This discussion started on python-ideas [#]_ and was moved to a GitHub
repo [#]_ for further discussion.  As part of this discussion, we made
the decision to use :pep:`526` syntax to drive the discovery of fields.

Support for automatically setting ``__slots__``?
------------------------------------------------

At least for the initial release, ``__slots__`` will not be supported.
``__slots__`` needs to be added at class creation time.  The Data
Class decorator is called after the class is created, so in order to
add ``__slots__`` the decorator would have to create a new class, set
``__slots__``, and return it.  Because this behavior is somewhat
surprising, the initial version of Data Classes will not support
automatically setting ``__slots__``.  There are a number of
workarounds:

- Manually add ``__slots__`` in the class definition.

- Write a function (which could be used as a decorator) that inspects
  the class using ``fields()`` and creates a new class with
  ``__slots__`` set.

For more discussion, see [#]_.

Why not just use namedtuple?
----------------------------

- Any namedtuple can be accidentally compared to any other with the
  same number of fields. For example: ``Point3D(2017, 6, 2) ==
  Date(2017, 6, 2)``.  With Data Classes, this would return False.

- A namedtuple can be accidentally compared to a tuple.  For example,
  ``Point2D(1, 10) == (1, 10)``.  With Data Classes, this would return
  False.

- Instances are always iterable, which can make it difficult to add
  fields.  If a library defines::

   Time = namedtuple('Time', ['hour', 'minute'])
   def get_time():
       return Time(12, 0)

  Then if a user uses this code as::

   hour, minute = get_time()

  then it would not be possible to add a ``second`` field to ``Time``
  without breaking the user's code.

- No option for mutable instances.

- Cannot specify default values.

- Cannot control which fields are used for ``__init__``, ``__repr__``,
  etc.

- Cannot support combining fields by inheritance.

Why not just use typing.NamedTuple?
-----------------------------------

For classes with statically defined fields, it does support similar
syntax to Data Classes, using type annotations.  This produces a
namedtuple, so it shares ``namedtuple``\s benefits and some of its
downsides.  Data Classes, unlike ``typing.NamedTuple``, support
combining fields via inheritance.

Why not just use attrs?
-----------------------

- attrs moves faster than could be accommodated if it were moved in to
  the standard library.

- attrs supports additional features not being proposed here:
  validators, converters, metadata, etc.  Data Classes makes a
  tradeoff to achieve simplicity by not implementing these
  features.

For more discussion, see [#]_.

post-init parameters
--------------------

In an earlier version of this PEP before ``InitVar`` was added, the
post-init function ``__post_init__`` never took any parameters.

The normal way of doing parameterized initialization (and not just
with Data Classes) is to provide an alternate classmethod constructor.
For example::

  @dataclass
  class C:
      x: int

      @classmethod
      def from_file(cls, filename):
          with open(filename) as fl:
              file_value = int(fl.read())
          return C(file_value)

  c = C.from_file('file.txt')

Because the ``__post_init__`` function is the last thing called in the
generated ``__init__``, having a classmethod constructor (which can
also execute code immediately after constructing the object) is
functionally equivalent to being able to pass parameters to a
``__post_init__`` function.

With ``InitVar``\s, ``__post_init__`` functions can now take
parameters.  They are passed first to ``__init__`` which passes them
to ``__post_init__`` where user code can use them as needed.

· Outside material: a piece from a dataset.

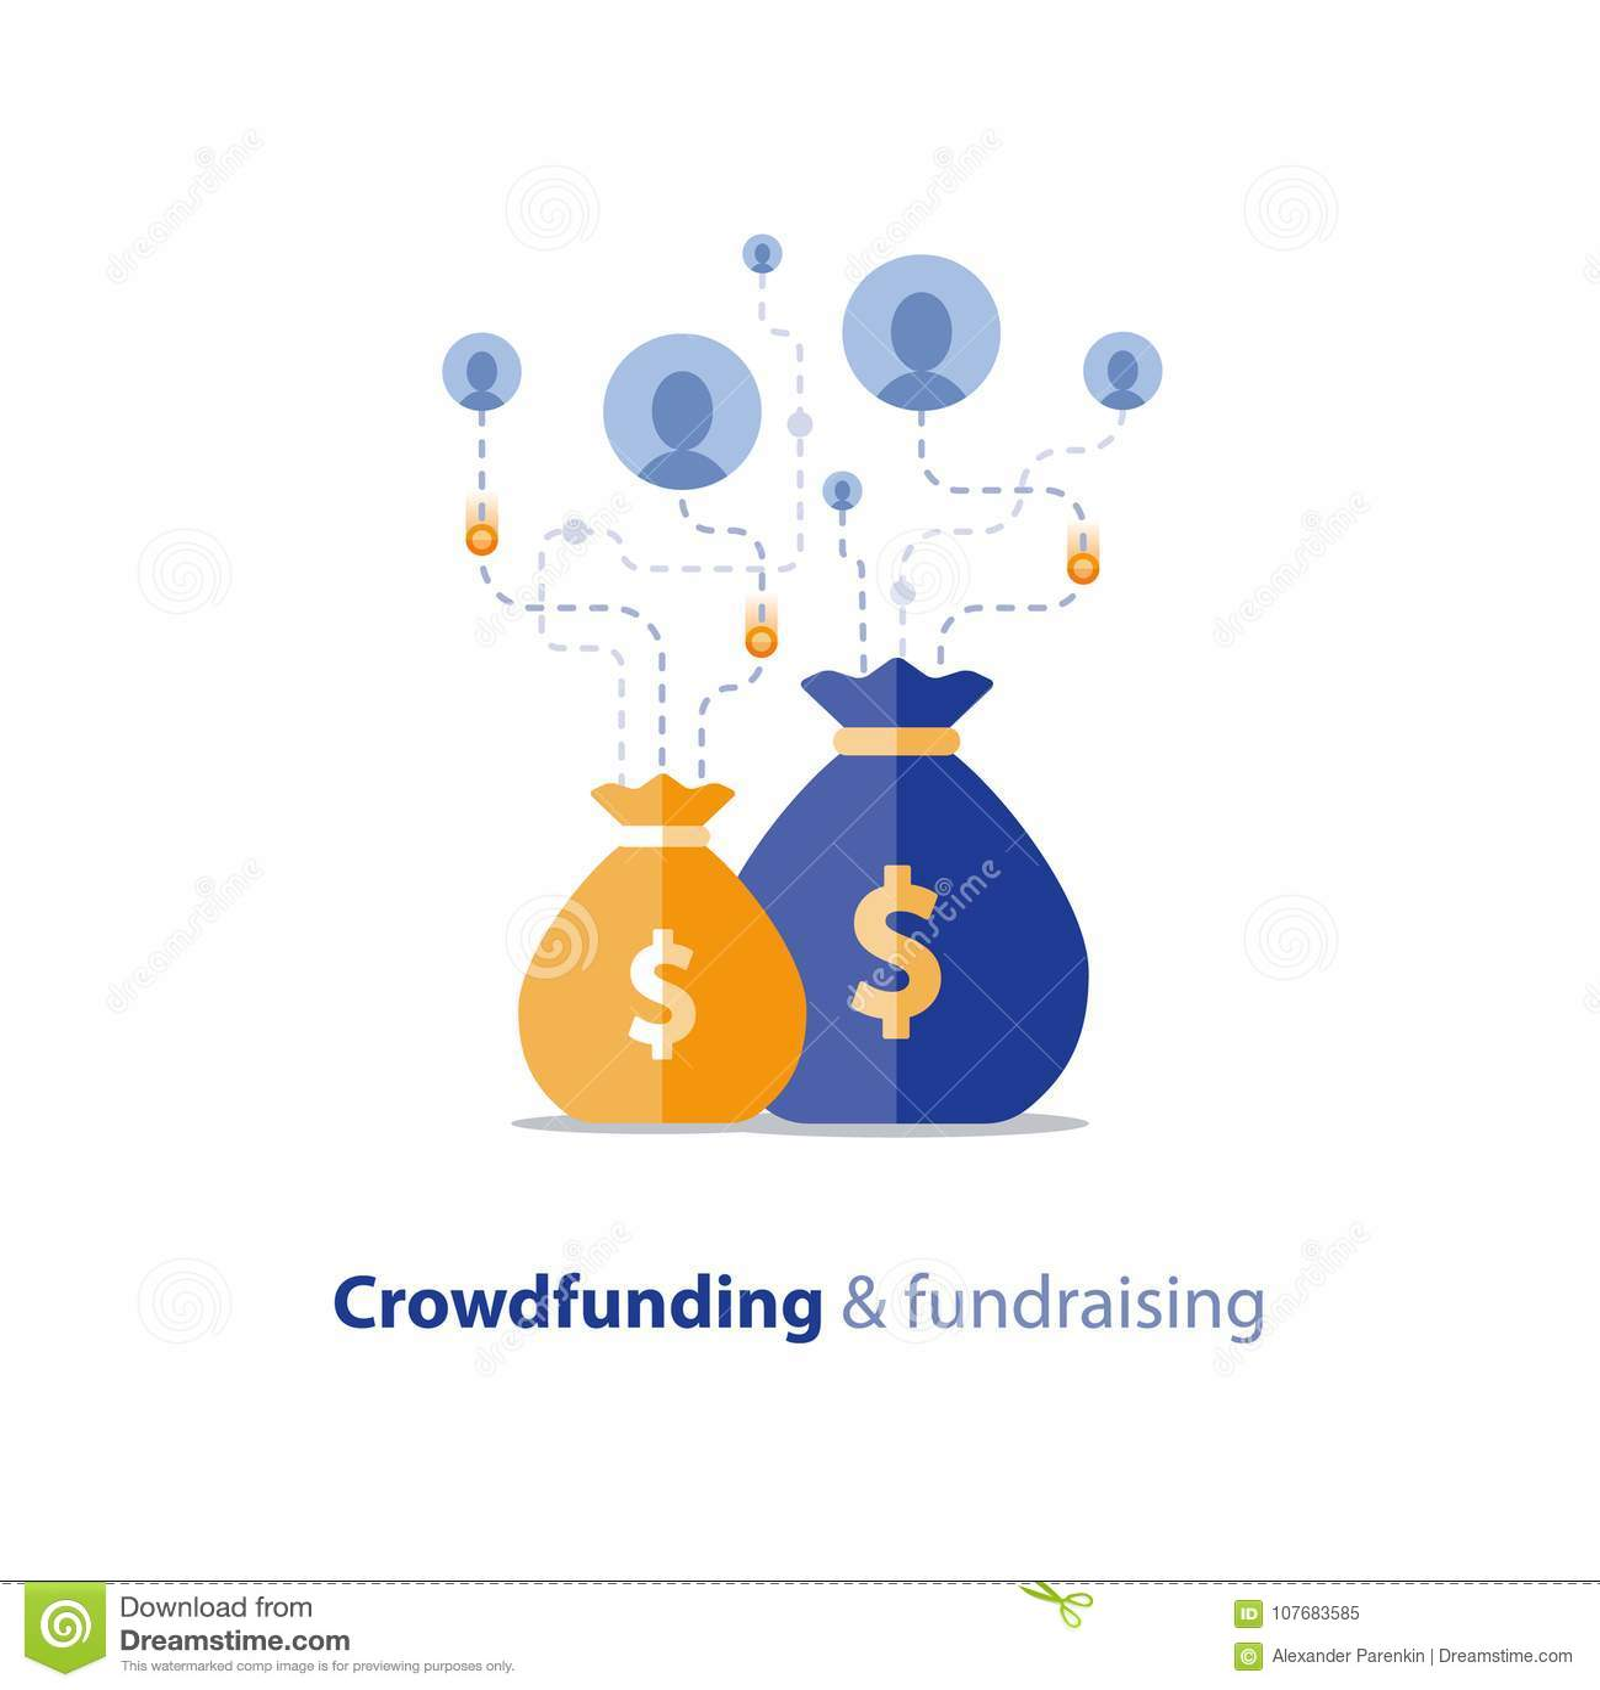 Campagne de collecte de fonds, concept crowdfunding, donation de charité, illustration de vecteur

The only real difference between alternate classmethod constructors
and ``InitVar`` pseudo-fields is in regards to required non-field
parameters during object creation.  With ``InitVar``\s, using
``__init__`` and the module-level ``replace()`` function ``InitVar``\s
must always be specified.  Consider the case where a ``context``
object is needed to create an instance, but isn't stored as a field.
With alternate classmethod constructors the ``context`` parameter is
always optional, because you could still create the object by going
through ``__init__`` (unless you suppress its creation).  Which
approach is more appropriate will be application-specific, but both
approaches are supported.

Another reason for using ``InitVar`` fields is that the class author
can control the order of ``__init__`` parameters.  This is especially
important with regular fields and ``InitVar`` fields that have default
values, as all fields with defaults must come after all fields without
defaults.  A previous design had all init-only fields coming after
regular fields.  This meant that if any field had a default value,
then all init-only fields would have to have defaults values, too.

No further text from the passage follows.